Task instructions →
Nothing but the lines below from the one that contains "Arcansas Flachstange Aluminium" through the one that contains "Photo of Bride" should be retyped, exactly and including both ends. Do not include pictures.

Given records →
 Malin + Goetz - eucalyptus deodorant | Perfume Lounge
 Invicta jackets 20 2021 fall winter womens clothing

==

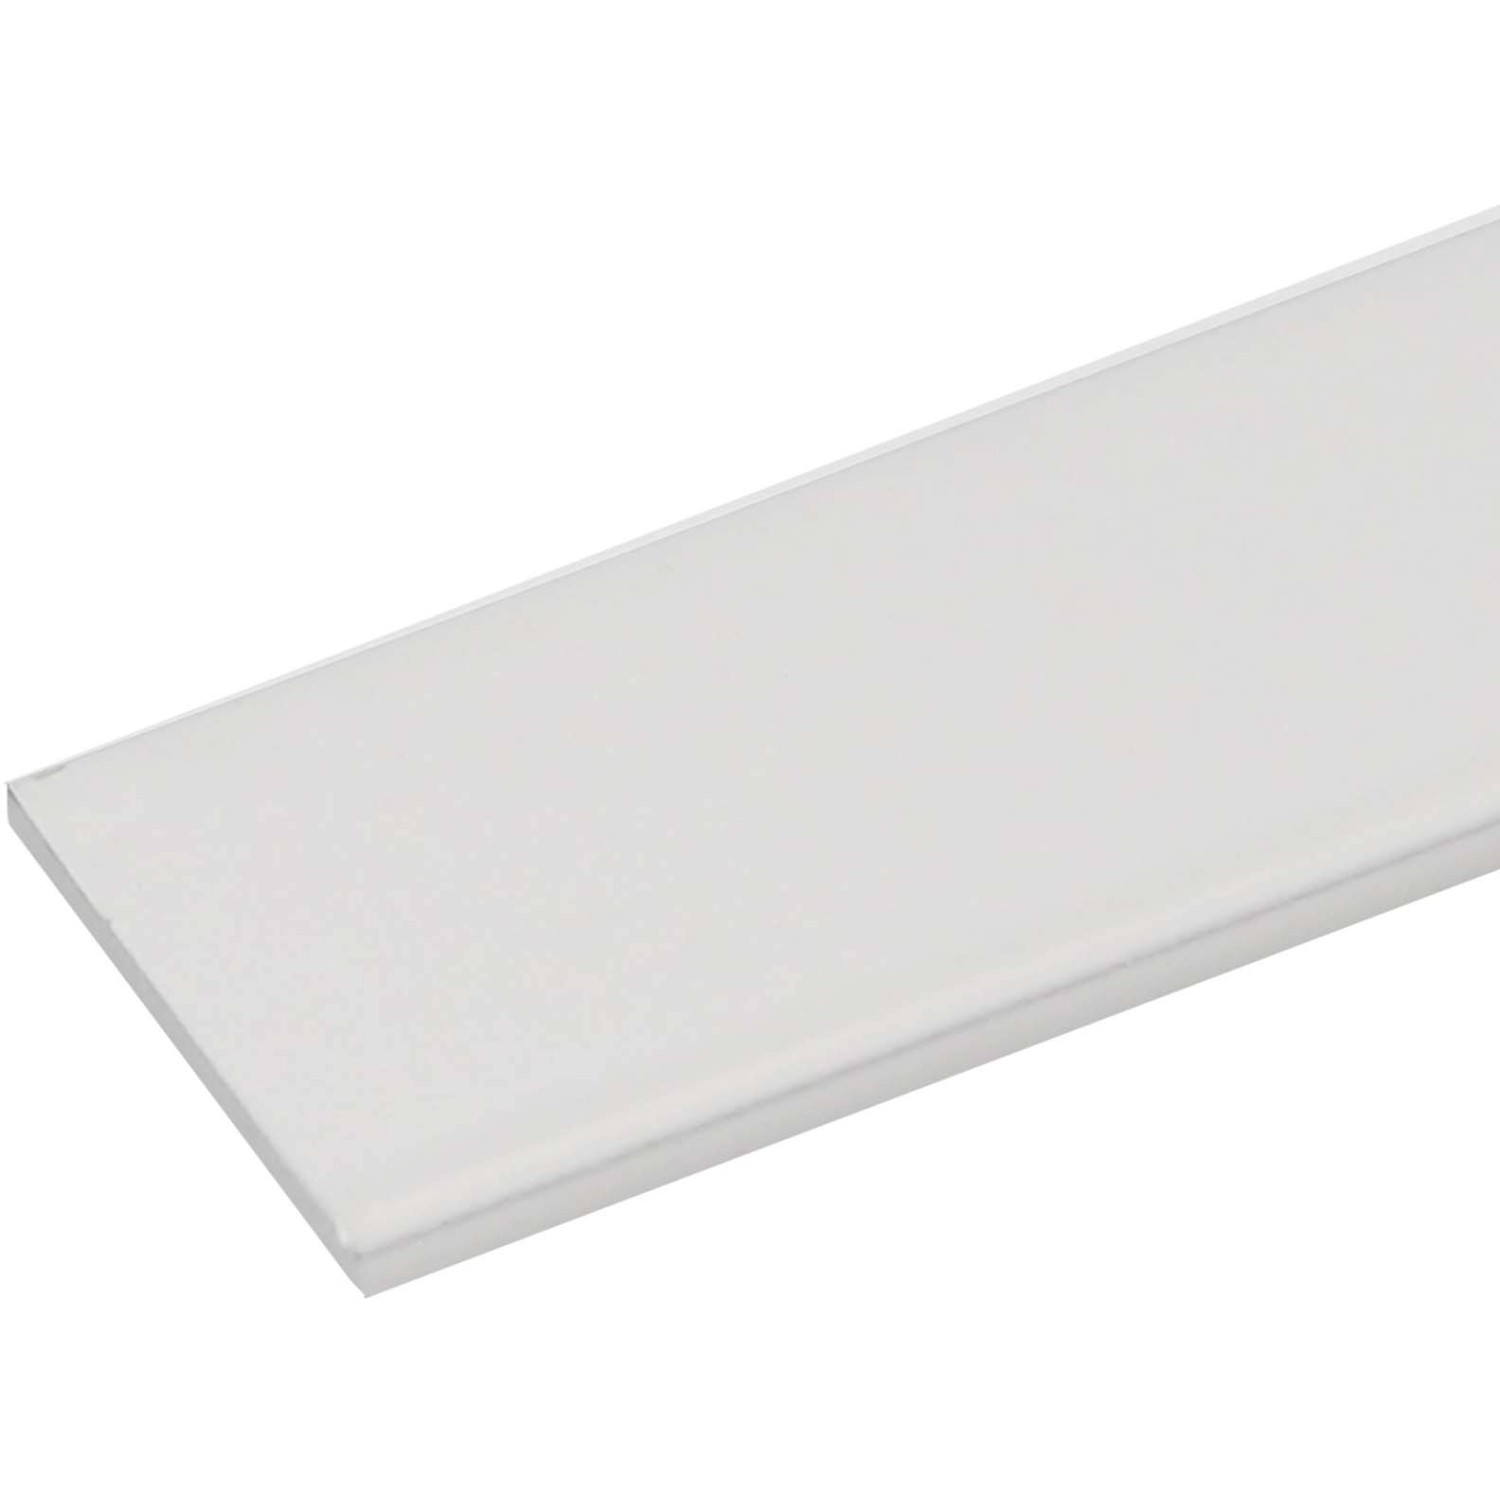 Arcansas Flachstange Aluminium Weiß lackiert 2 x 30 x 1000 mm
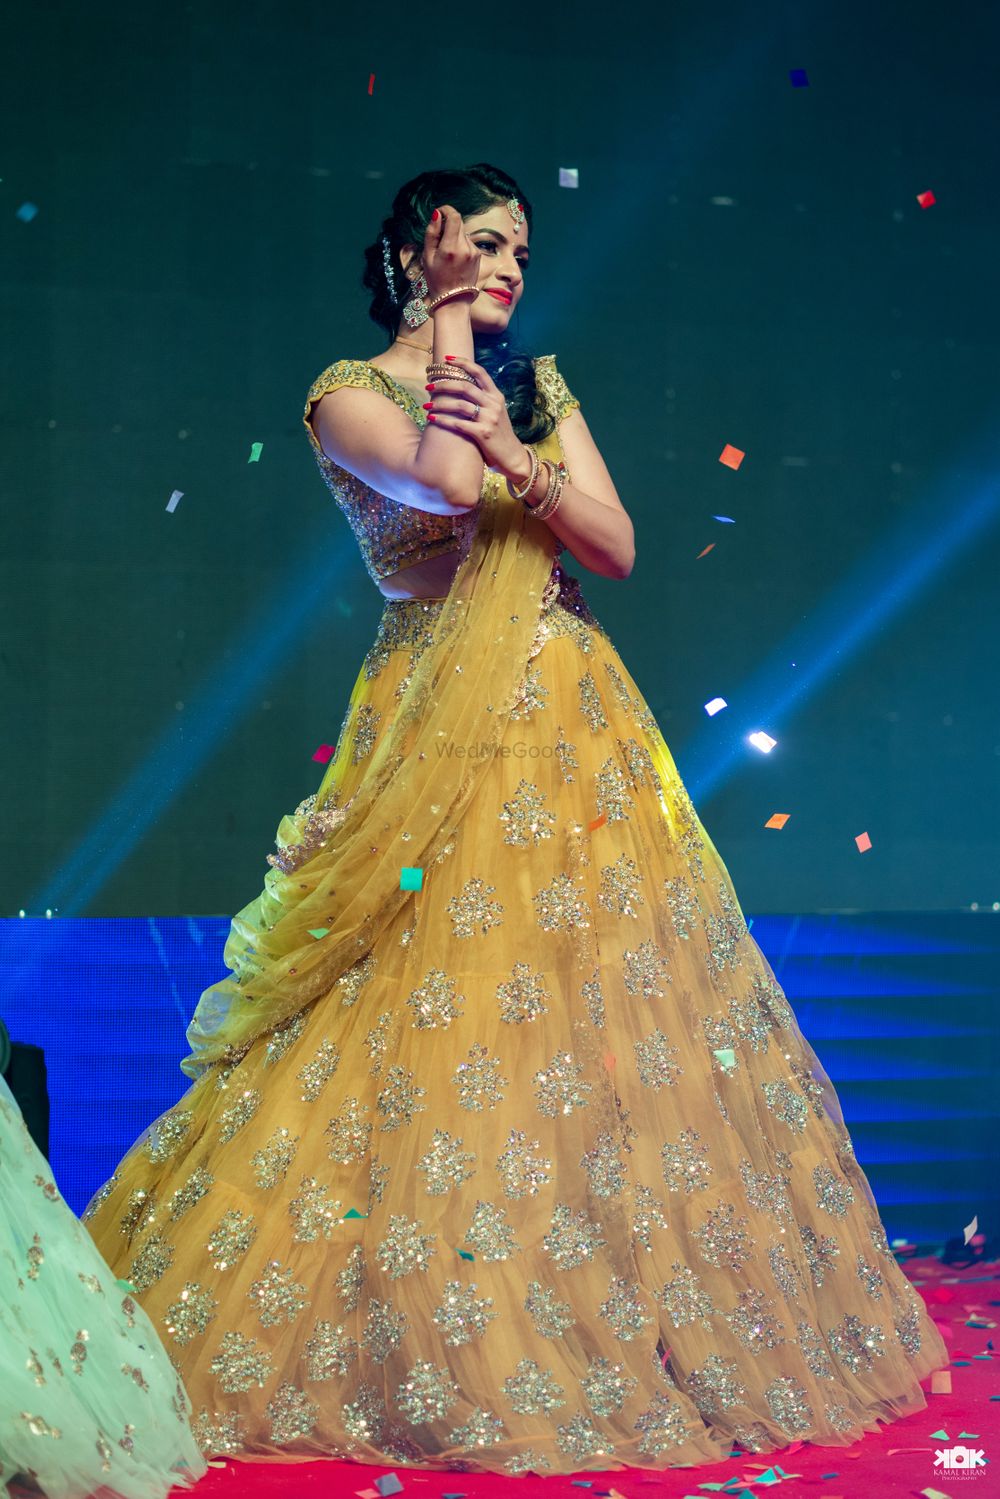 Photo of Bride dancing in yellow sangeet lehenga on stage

--

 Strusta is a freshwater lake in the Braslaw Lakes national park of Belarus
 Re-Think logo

Result of the task →
 Arcansas Flachstange Aluminium Weiß lackiert 2 x 30 x 1000 mm
 Photo of Bride dancing in yellow sangeet lehenga on stage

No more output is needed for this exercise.